Heck doesn’t have to pander to the Tea Party because he doesn’t have to worry about a serious primary challenger, analysts say, and both Heck and the Tea Party know it.

“Heck was not the darling of the conservatives ... but when he shifted over from running for governor to take on Dina Titus, he became by default the best choice,” said Eric Herzik, professor of political science at UNR. “Now, it’s like a marriage of convenience.”

“You run a conservative Republican against Joe Heck in the primary, you can give that district to the Democrats,” said David Damore, who teaches political science at UNLV.

Click to enlarge photo

Rep. Joe Heck blows a kiss to his wife in the House gallery after taking his oath on Wednesday, Jan. 5, 2011.

Heck does have to worry about Democrats, especially those at the center. While the boundaries and demographics of his congressional district for next year aren’t clear yet, he’s likely going to face a mixed field, and last time, even with the power of Republican momentum, he only eked out a victory by 1,748 votes.

“The Tea Party is a significant interest, but there are many significant interests,” Damore said. “And their power is more in who they can hurt rather than who they can help.”

In an ideal world, the Tea Party remains content to stay a relatively silent part of Heck’s base. But before he can count on the terms of that marriage, Heck and the Tea Party’s union will be tested — but likely only by a policy juggernaut so big it commands the Tea Party’s attention.

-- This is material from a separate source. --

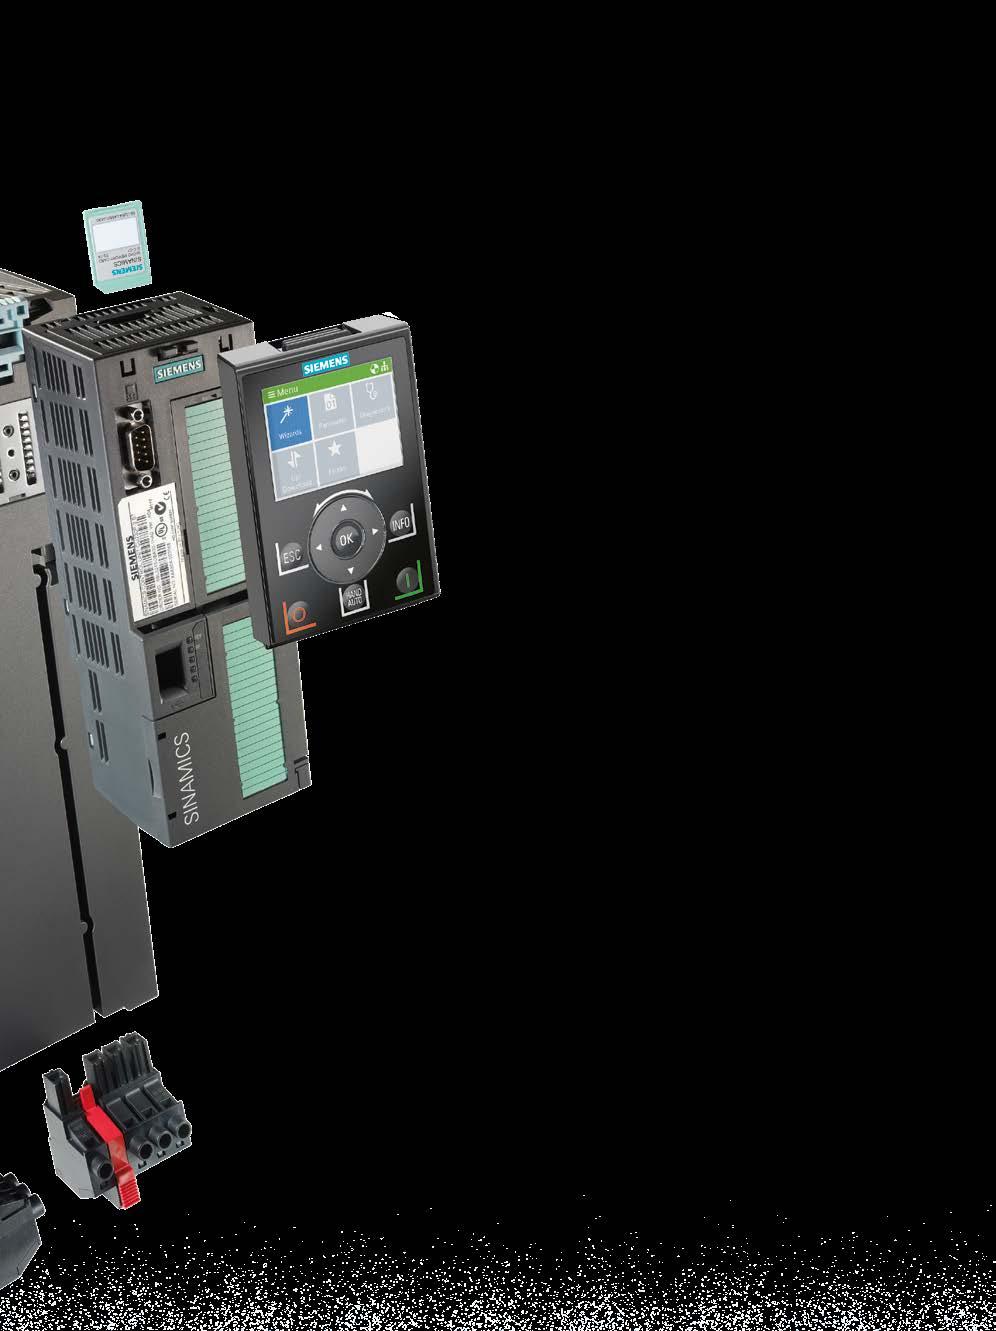 No add-ons required meets all relevant standards The G120P is available with integrated EMC filters of class A or B and is designed to comply with CE and RCM, as well as all applicable EN standards.

They’re with him on Ryan’s fiscal 2012 budget and health care. They accepted his votes on the budget for fiscal 2011. So the likeliest test of their staying power is the upcoming vote to raise the debt ceiling — a vote that’s already begun to inspire Tea Party ire. Heck said his decision, which he hasn’t announced yet, will be heavily influenced by how much the government is able to reduce spending — but he may ultimately feel he needs to take it to keep the government humming.

At that point, if Heck isn’t willing to bend, Damore said, the Tea Party may break away.

“If the Tea Party leaves him alone, but votes for him, that’s what he needs,” Damore said. “He needs a unified Republican Party, Tea Party and otherwise. If the Tea Party went after him, he’d be dead. Because he wouldn’t have a Republican base.”